1. Conduct a Safeguarding Risk Assessment – Identifying the potential risks and threats that could potentially harm their attendances, ensuring that specific measures are put in place before the event takes place.

2. Coordinate with Local Authorities – Identify through the local authority whether there is any intelligence around said event and ensure that the event polices align with those of the local authority safeguarding hub.

3. Communicate with Attendees: – Event planners should communicate with their attendees prior to the event, outlining what safeguarding procedures are in place.

4. Train Staff & Volunteers: Companies should train staff on the event safeguarding procedures as well as any additional emergency evacuation procedures.

5. Continuously Monitor and Review Safeguarding Plans: Organisers should ensure their policies and procedures are up to date in line with the latest guidelines and that all measures are effective and robust.

6. Designated Safeguarding Lead: Event Organisers should have a specific member of staff or team designated to overseeing all areas of safeguarding and child protection.

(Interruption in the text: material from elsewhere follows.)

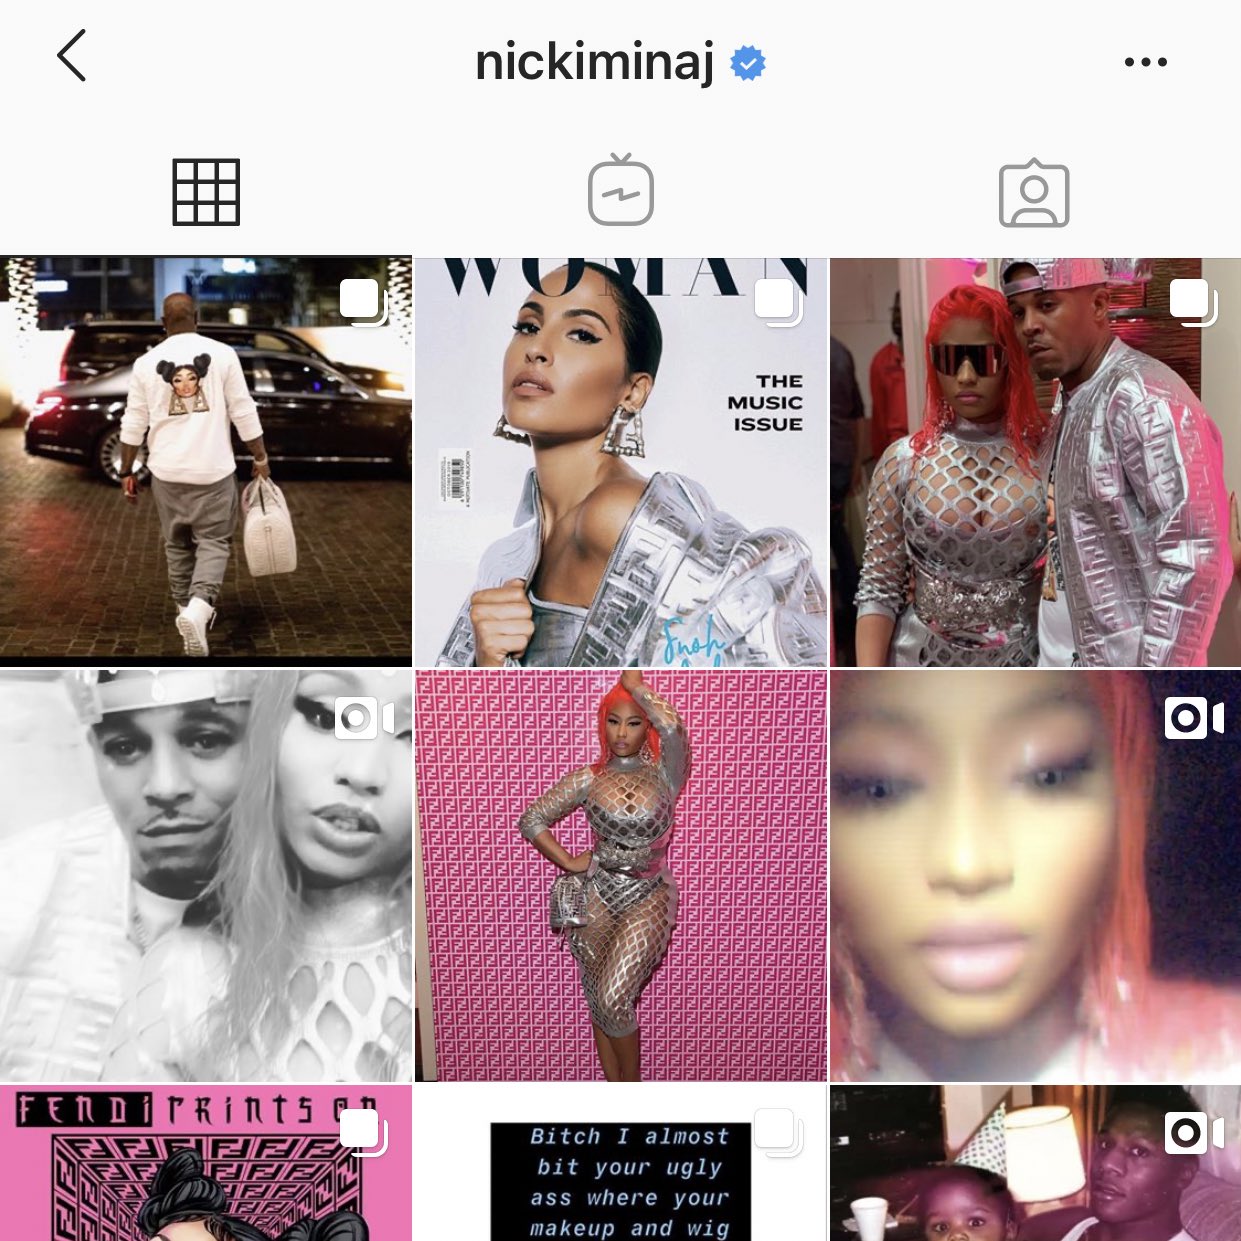 Nicki Minaj's 'FENDI Prints On' Collection Launch

7. Safeguarding Policy: Event planners should have an overall safeguarding policy highlighting the policies and procedures of the event as well as the main contact numbers at local authority and how to make a referral.

Minimise hazards and risks is an essential part of the event planning process, so a handy little list like this a great tool for all us event profs. Cheers Thomas!


Well, it’s adios for this week folks

Have a fab start to February and we’ll catch you on the flip side!